I don’t think there is any person living or dead who has impacted my feminism more than Roxane Gay. I’ve been a feminist my whole life but Bad Feminist really taught me about my privilege. It taught me about perspectives on feminism, particularly black feminism, which I had never considered before. It’s a book I gift to almost everyone in my life, especially older generations.
And then Hunger taught me about myself. It helped me see how I treated my body after sexual trauma, it taught me about how I punished myself, how it’s a life-long struggle. She introduced me to the idea of the survivor versus victim complex.
This show is taking place within the context of We Rise L.A., which is all about mental health awareness. Can you talk a bit about the connection there?
I’ve always been very open about mental health in my own life and publicly. I’ve been involved with this festival in years past as well and I think that it’s really important, particularly in raising awareness around mental health for youth, which is the focus. Depression and anxiety rates among Gen Z have spiked higher than ever, making it a really important time to talk about this.
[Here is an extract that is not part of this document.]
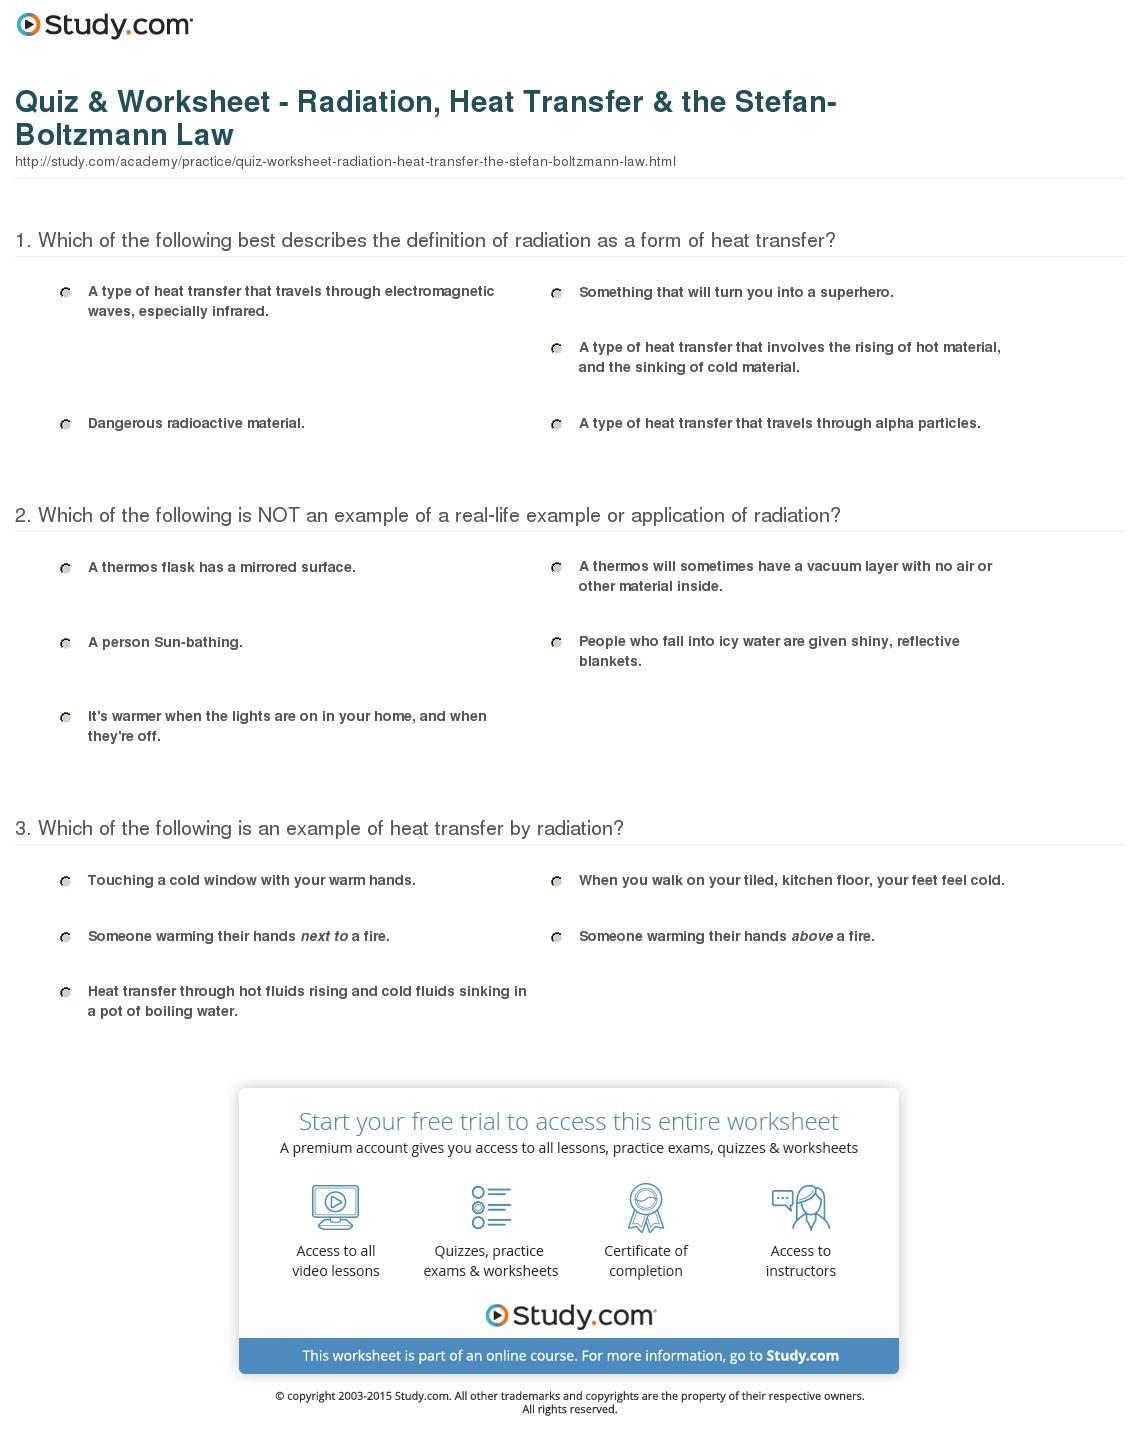 Oil Or Gas Heating Science Worksheet 2 10a Heat Transfer

When I first started having symptoms of mental illness, I was 18, 19 years old, and I didn’t even know what it was. I just thought I was lazy and unmotivated and a shitty person. It made everything worse. I wish I had an event like this to learn from.
When We Rise asked me to do this, it was pretty last-minute, but I immediately jumped on board. As it turned out, that very morning, I had been talking to a friend about how I have a lot of sexual trauma and how that made me never want to be present in my body growing up. I had gotten so used to disassociating that it became a constant part of my life. I didn’t want to exercise or do yoga or eat well or do anything positive for my physical body because I didn’t want to engage with it. And it took decades for me to recognize that and change it in myself.
I had to think a lot about the tie between the body, the physical form, and the experience of trauma. I told my friend that I wished I had a public forum where we could talk about that, and then this opportunity came up later that day. It was just one of those kismet things.
Stories Of: My Body takes place Sunday, May 26 at 3 p.m., in conjunction with We Rise L.A. at 1262 Palmetto Street, downtown. Admission is free; online RSVP is recommended.